Within the records below, find the line with "Artwork for The WineKnowLog©" and the line with "Sample page 1", then reproduce exactly those two lines and all lines between them, without any picture.

Task material
━━━━━━━━━━━━━━━━
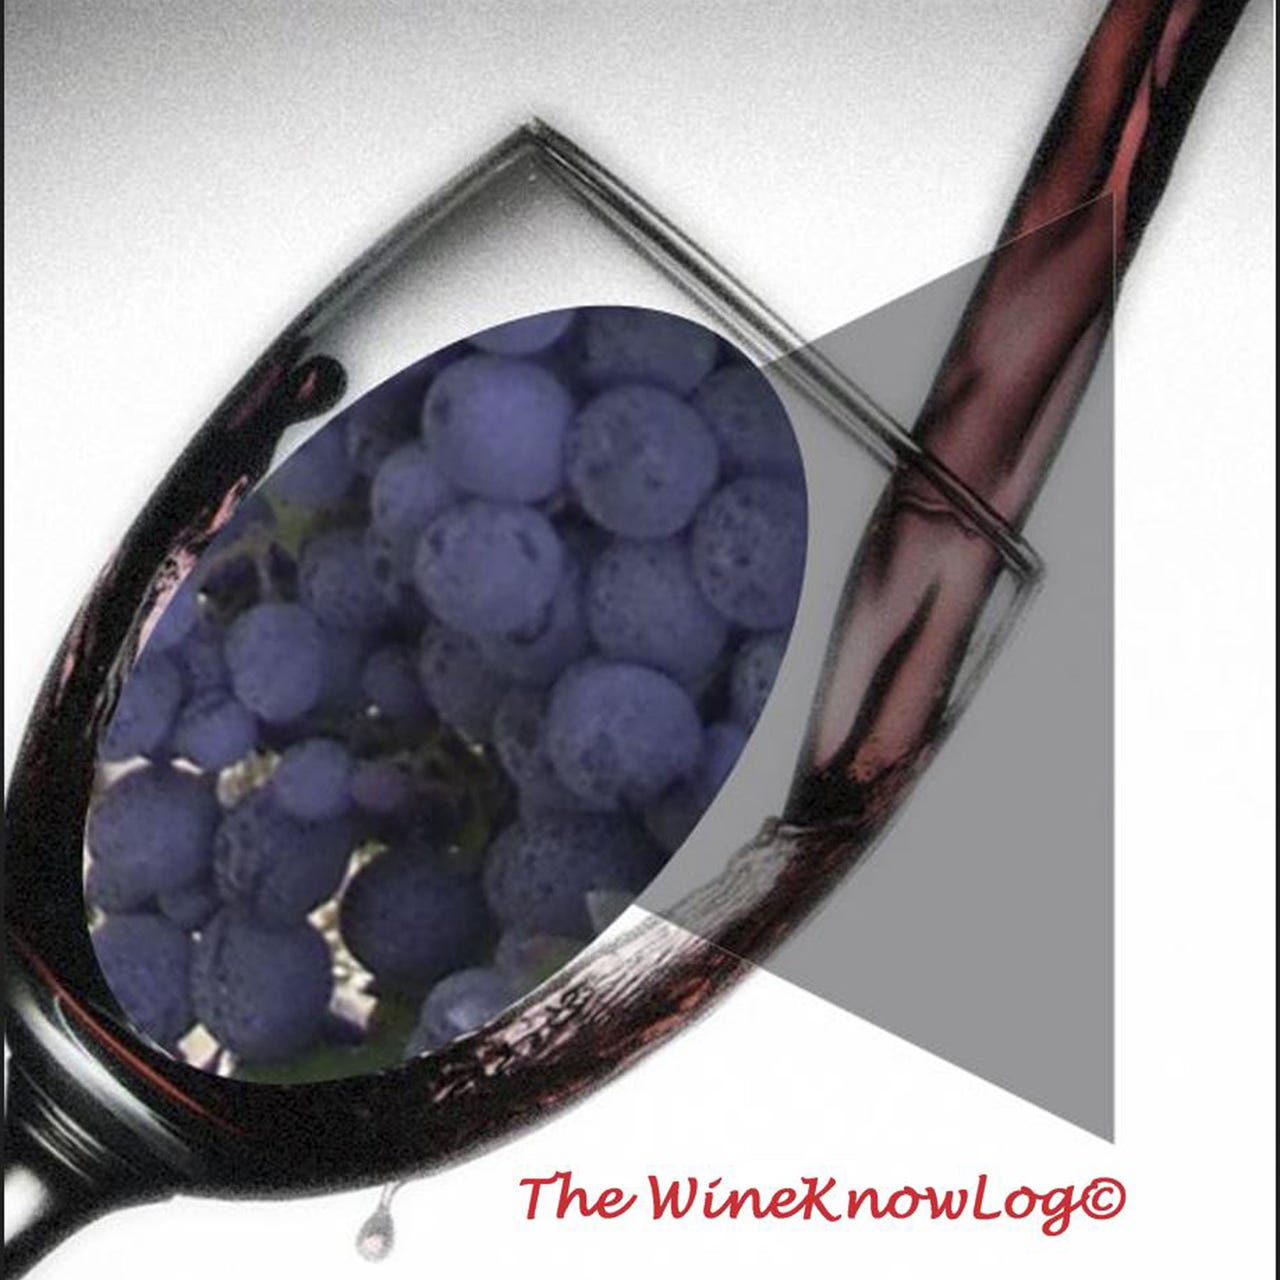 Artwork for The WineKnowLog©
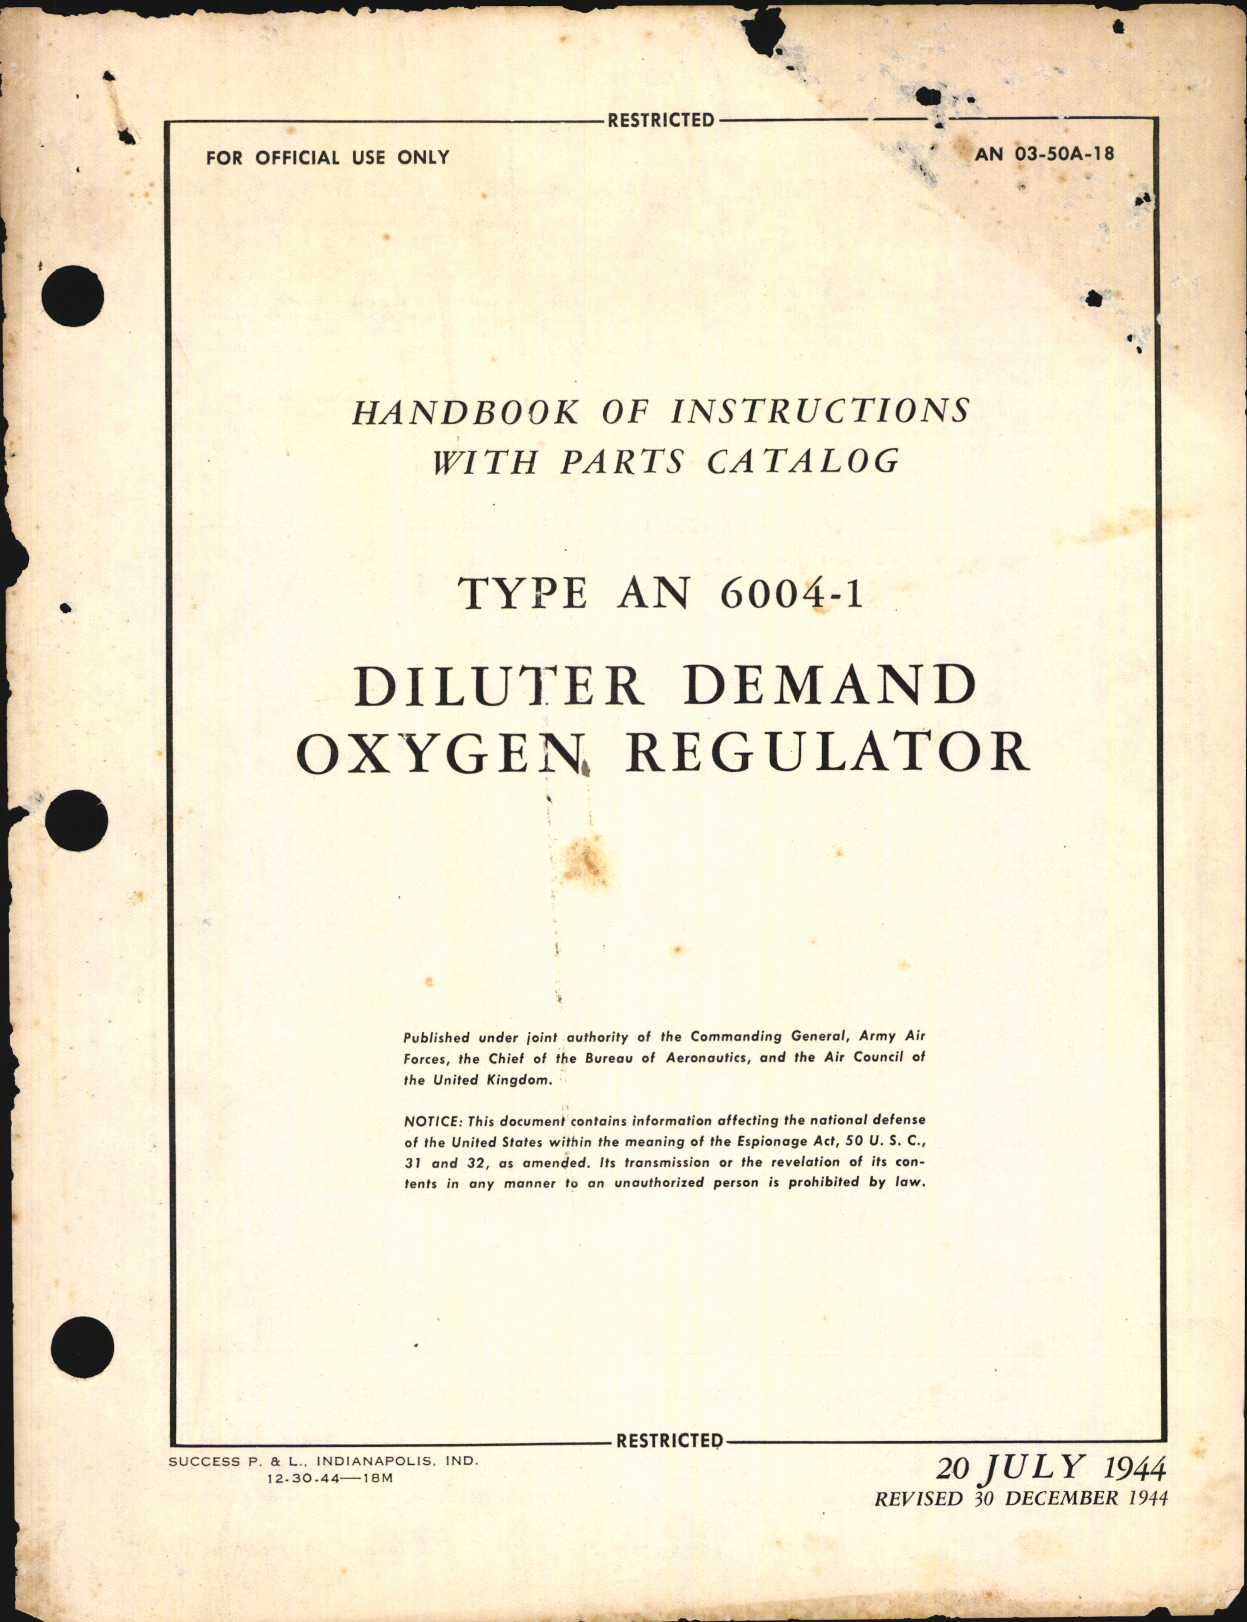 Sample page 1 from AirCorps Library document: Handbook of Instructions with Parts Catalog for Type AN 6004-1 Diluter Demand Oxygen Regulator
━━━━━━━━━━━━━━━━
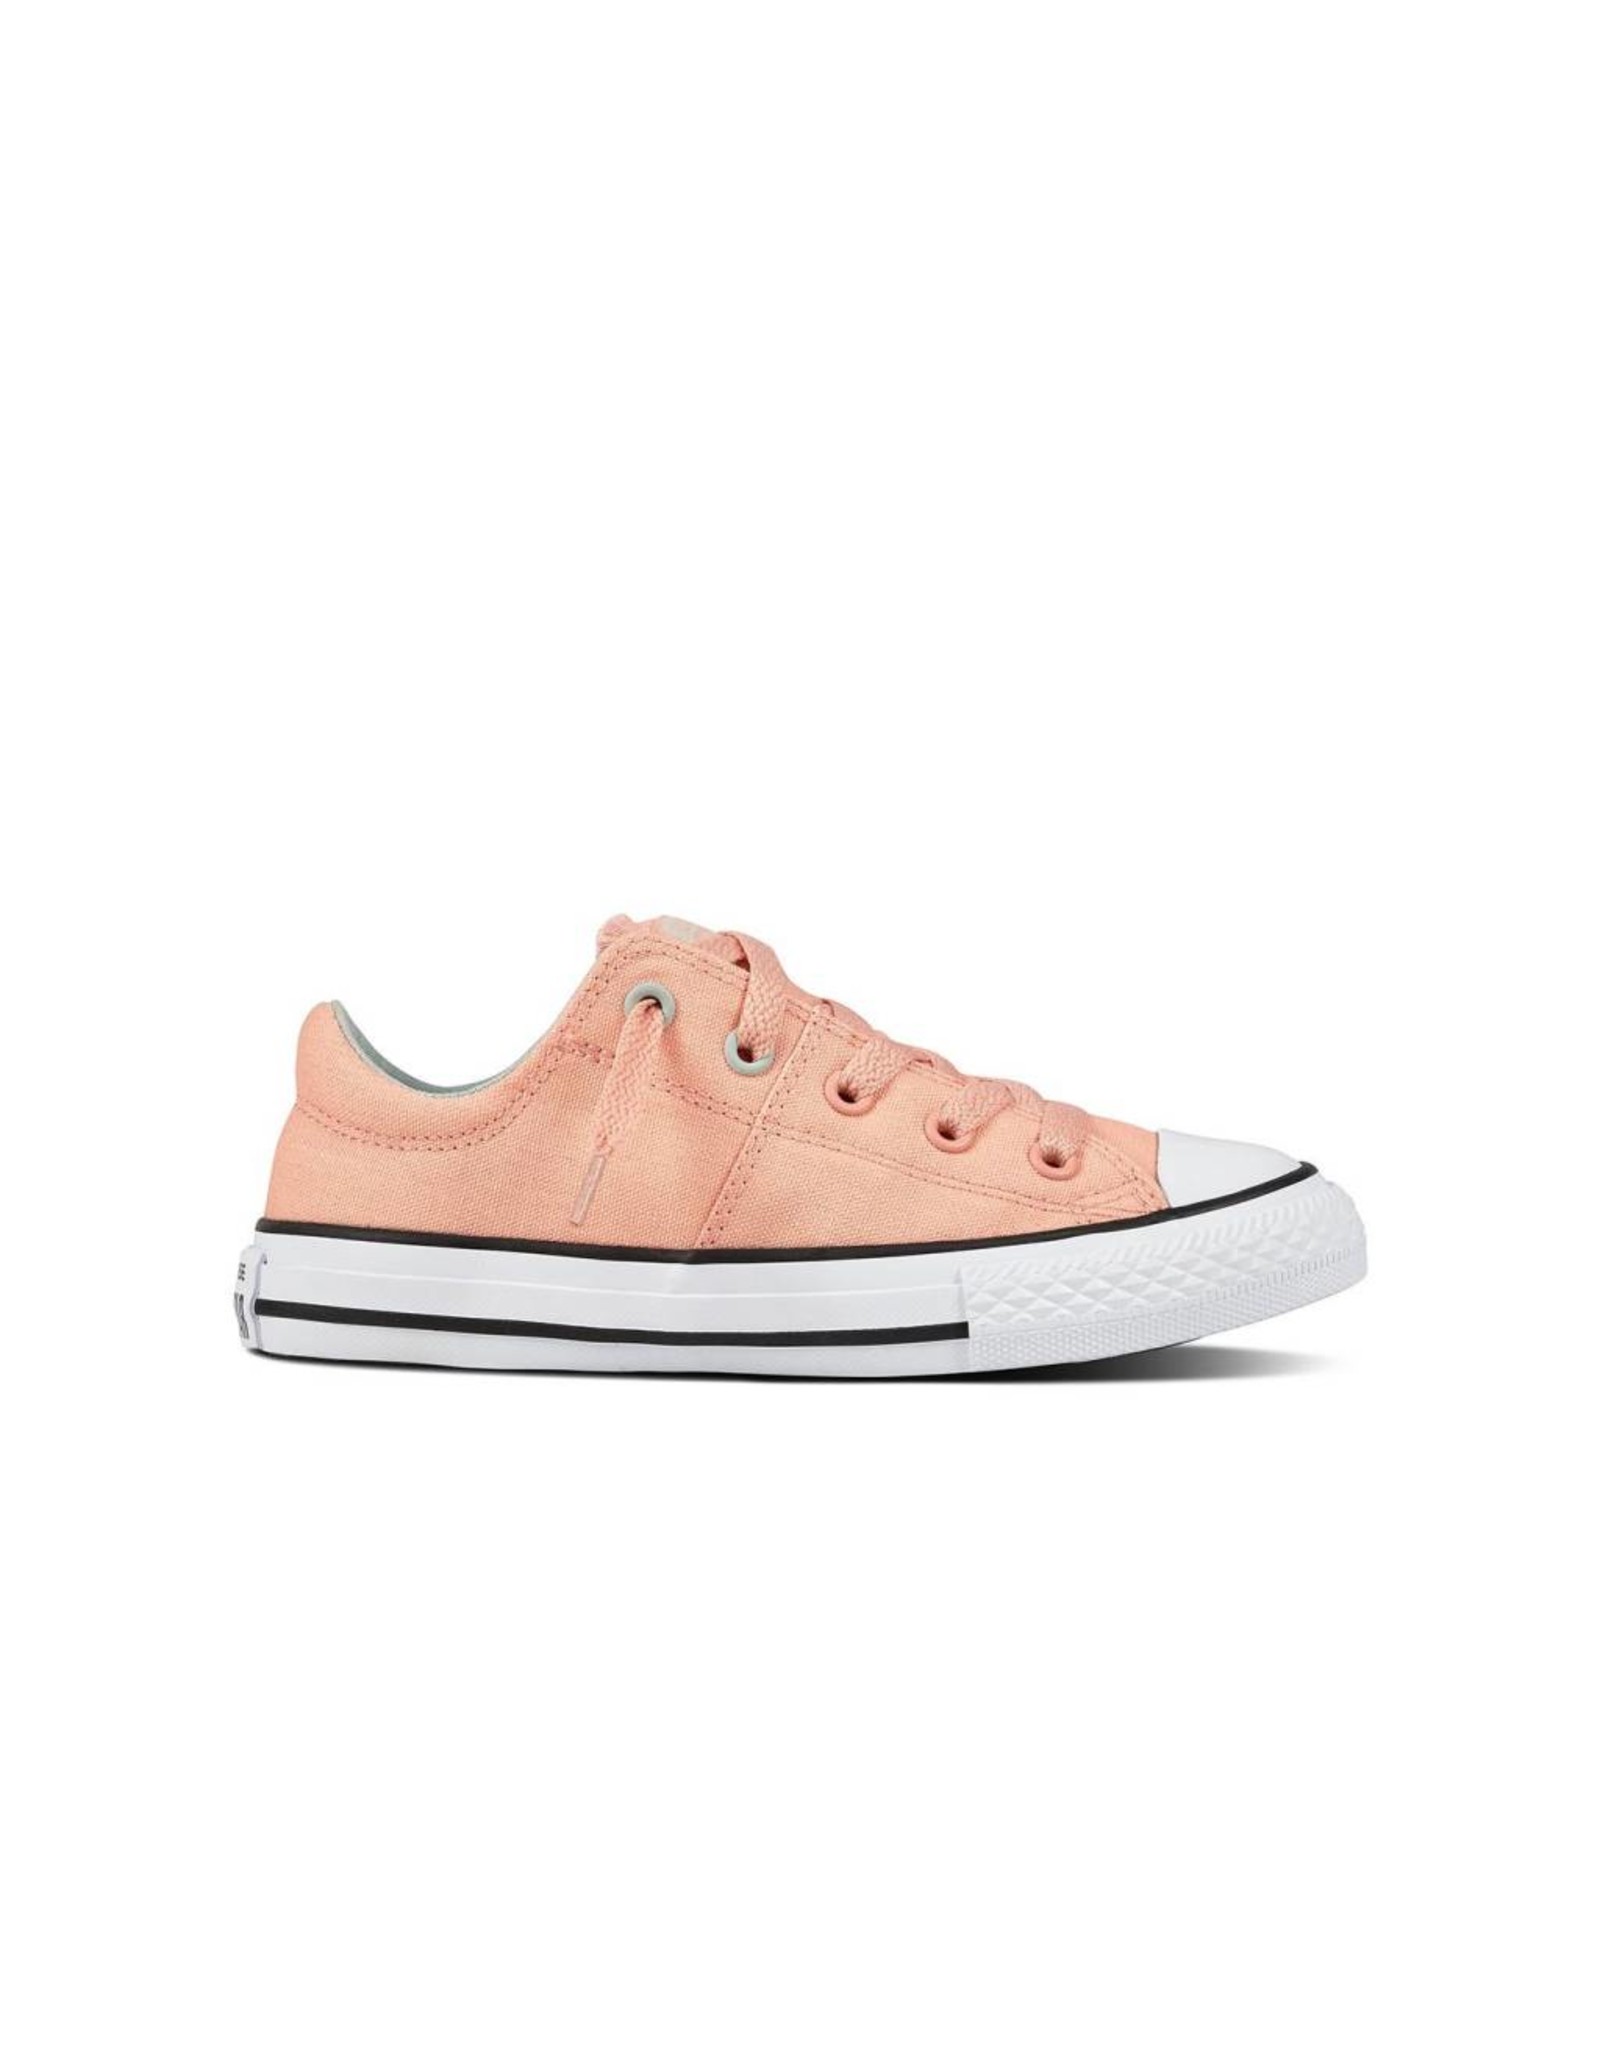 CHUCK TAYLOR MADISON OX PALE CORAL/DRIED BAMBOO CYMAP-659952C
━━━━━━━━━━━━━━━━
Response to this task
 Artwork for The WineKnowLog©
 Sample page 1 from AirCorps Library document: Handbook of Instructions with Parts Catalog for Type AN 6004-1 Diluter Demand Oxygen Regulator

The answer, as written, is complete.